Eras and Issues where Indigenous Feminism has played a role; and Individual Indigenous Feminisms
In these last sections, the focus shifts from Indigenous feminist theory, to stories and accounts of where Indigenous feminism has contributed to positive change, and how feminism is defined and perceived by different Indigenous women.
Joyce Green, for example, discusses the role Aboriginal women have played in Constitutional debates in Canada, such as the adoption of the Charter of Rights and Freedoms – although theoretical guarantees in the Constitution have not necessarily translated to equitable treatment and representation.
Shirley Green's contribution takes the reader on a voyage back in time, visiting her heritage and raising important questions in relation to 'mixed blood' heritage and identity. She claims that the idea of heritage "is profound, the responsibility immense and includes not only the ancestors but parents, relatives and indeed, the entire community relating to one through cultural heritage... Who makes the decision that a person does not have the correct amount of the "right" blood to be accepted into the culture and traditions of their society?" (p 170).

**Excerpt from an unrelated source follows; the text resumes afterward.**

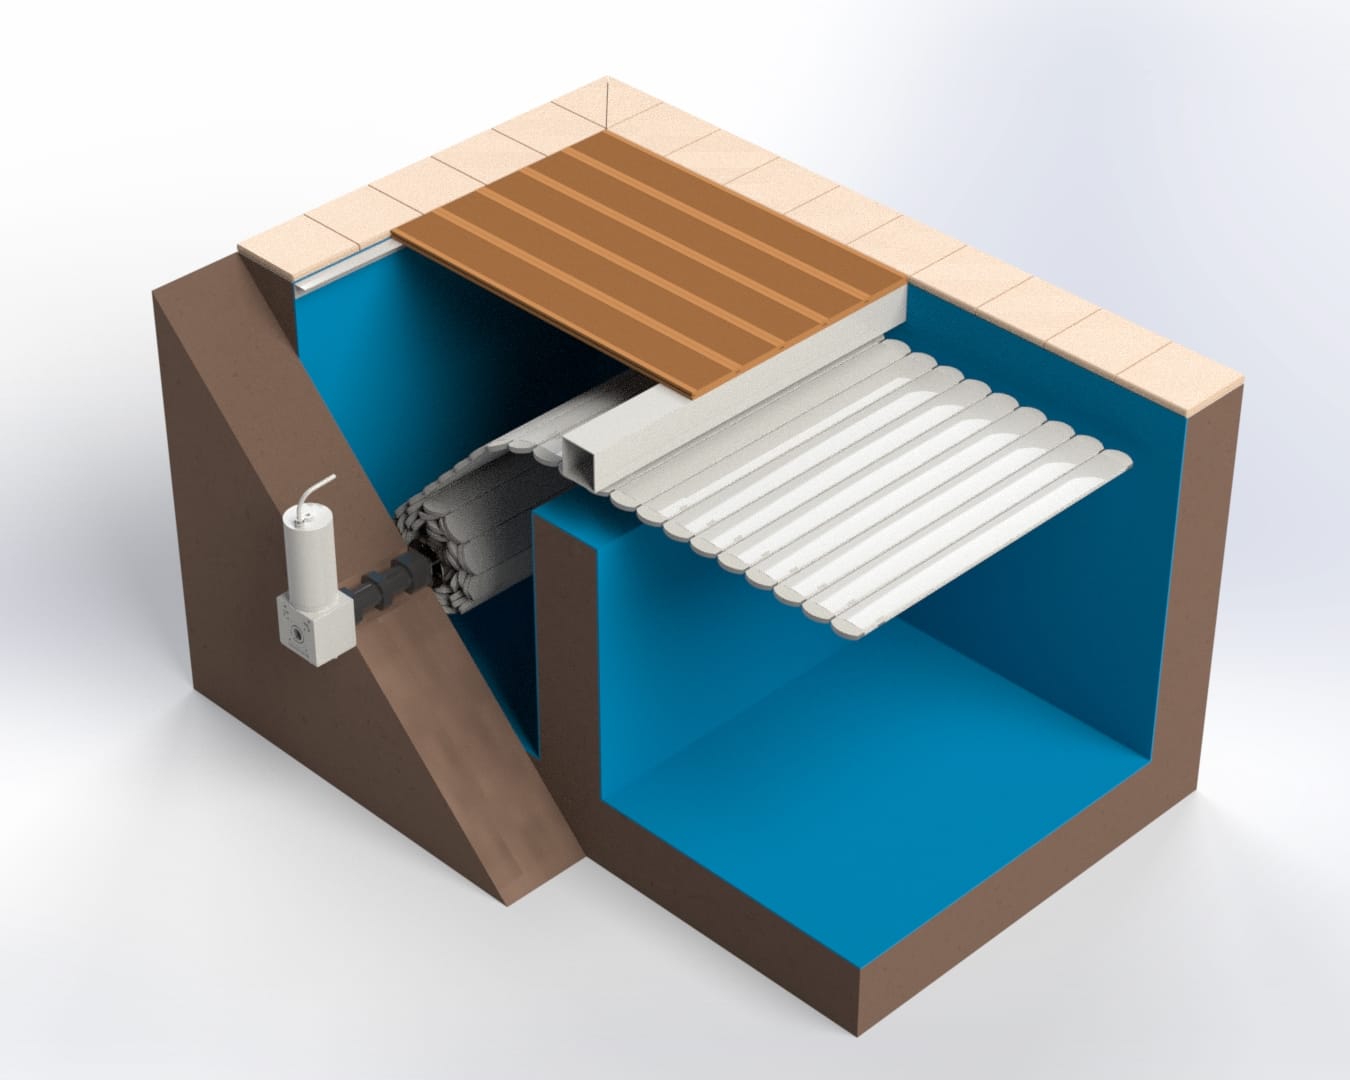 Automatic slatted pool covers

Kathie Irwin's "shero worshipping" of prominent Maori women is her simple way of learning about the big picture by studying the little picture(p 174); and Shirley Bear's poetry and art adds "images on words" (p 199).
Whilst each contribution is very different, a common sentiment echoing throughout this publication is that many Indigenous women feel that their feminism is expected to be subordinate to the larger emancipatory Indigenous struggle. Verna St. Denis, for example, asserts that "Native American women risk being dismissed as "assimilated" if they identify with feminist politics" (p 49). Similarly, Makere Stewart-Harawira from Aotearoa/New Zealand, tells of how writing or speaking from a feminist position was perceived as demonstrating her lack of 'Maoriness' (p 124).
This challenge is located in culture, tradition, colonialism and patriarchy, and by teasing these delicate issues out – the book opens up an exciting and perhaps well overdue dialogue. The tone of the book is subtle yet at the same time exhibits a candid strength – with arguments and stories reflecting unique and evolving feminisms laid stone by stone over time.
As Stewart-Harawira touches on in her chapter, Indigenous feminisms have the potential to shake the foundations of normative institutions and to contribute in a transformative way to global issues such as climate change; conflict resolution; the importance of place; identity; racism and of course gender equality.
This potential emerged within the pages of the book without being directly articulated – illustrating the power of Indigenous women, and indeed the making of spaces for Indigenous feminism.
See: Green, J. (Ed), 2007. Making Space for Indigenous Feminism. Published by Zed Books.